Partner merytoryczny: Eleven Sports

Polski klub rozważał samodzielne transmitowanie swoich meczów. Na razie nic z tego

Zgodnie z zasadami przyjętymi przez UEFA, kwalifikacje europejskich pucharów nie wliczają się do pakietów medialnych, które wykupują poszczególne telewizje. Oznacza to, że na tym etapie każdy klub sam dysponuje prawami transmisyjnymi. Może je wykorzystać we własnym zakresie, oddać w zarządzanie pośrednikom lub odsprzedać stacjom telewizyjnym.

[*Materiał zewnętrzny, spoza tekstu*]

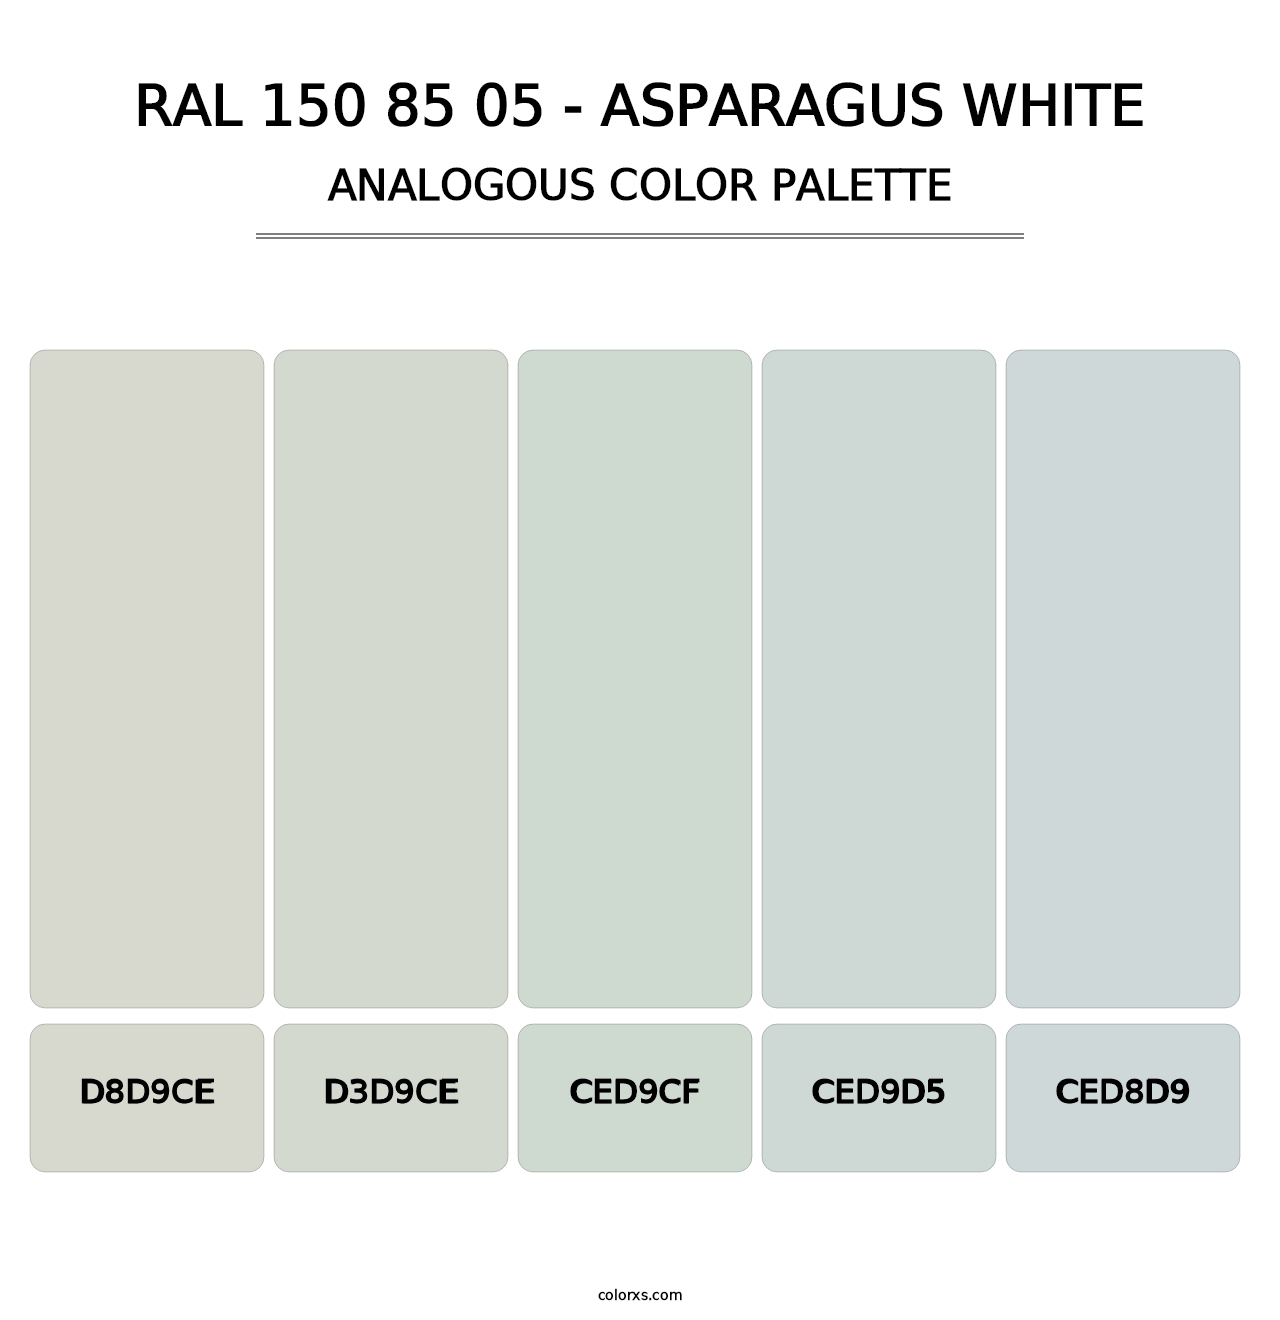 RAL 150 85 05 - Asparagus White - Analogous Color Palette

Strefa Euro 12:00. "Sędziowie mają różne gwizdki". Eksperci odsłaniają kulisy arbitrów piłkarskich. Wideo/Ipla/IPLA

W przypadku polskich drużyn najczęściej stosowany jest ten ostatni wariant. Kluby dogadują się z telewizjami, które pokazują ich europejskie zmagania. Tutaj jednak ważne zastrzeżenie - prawa telewizyjne przysługują jedynie gospodarzowi danego spotkania. W przypadku spotkań na wyjeździe albo kluby dogadują się między sobą, albo telewizje prowadzą międzynarodowe negocjacje.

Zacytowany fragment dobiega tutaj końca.